Former US Banking Regulator Reveals The Best Way To Rob A Bank
Recently, on the CurrencyFair blog, we looked at how the how the international banking system works:
The international banking system is an enigma. There are more than 30,000 different banks worldwide and they hold unbelievable amounts of assets. The top ten banks alone account for roughly 25 trillion U.S. dollars. Today, banking can seem very complex; but, originally, the idea was to make life simpler.
In the article, we shared an excellent video which explained everything in a light and entertaining way (you can go back and watch the video here).
Today we’re looking at the banking system from a different angle.
We’re hearing from a former US banking regulator who reveals the best way to rob a bank.
William Black is a former bank regulator who’s seen firsthand how banking systems can be used to commit fraud — and how “liar’s loans” and other tricky tactics led to the 2008 US banking crisis that threatened the international economy.
In his engaging talk, Black, now an academic, reveals the best way to rob a bank — from the inside.
A controversial perspective indeed. Recall this section?

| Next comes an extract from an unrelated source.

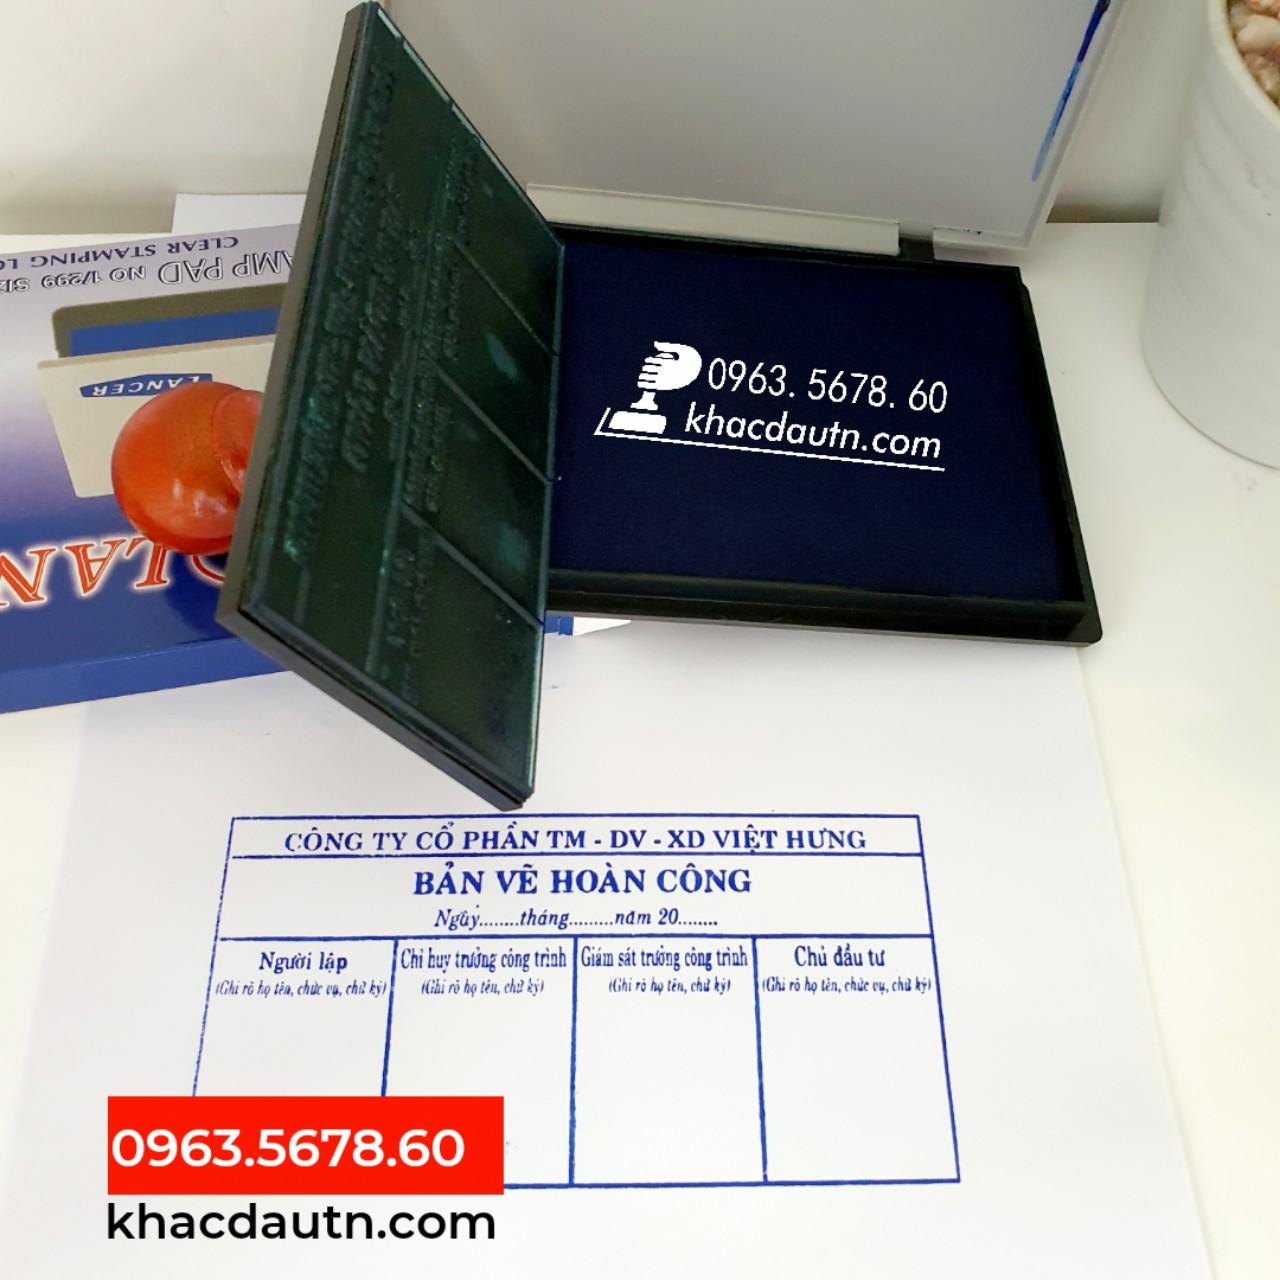 Dấu Bản Vẽ Hoàn Công Giá Rẻ - 0963.5678.60 Chuyên Cung Cấp Và Sản Xuất Giao Công Con Dấu - Luôn Có Nhiều Ưu Đãi Giảm - Xuất HD VAT 10%

“First ingredient in the recipe: grow like crazy; second, by making or buying really crappy loans, but loans that are made at a very high interest rate or yield; three, while employing extreme leverage — that just means a lot of debt — compared to your equity; and four, while providing only trivial loss reserves against the inevitable losses. If you follow those four simple steps, and any bank can follow them, then you are mathematically guaranteed to have three things occur. The first thing is you will report record bank profits — not just high, record. Two, the CEO will immediately be made incredibly wealthy by modern executive compensation. And three, farther down the road, the bank will suffer catastrophic losses and will fail unless it is bailed out.”
Time will tell if we are to see another global banking crisis.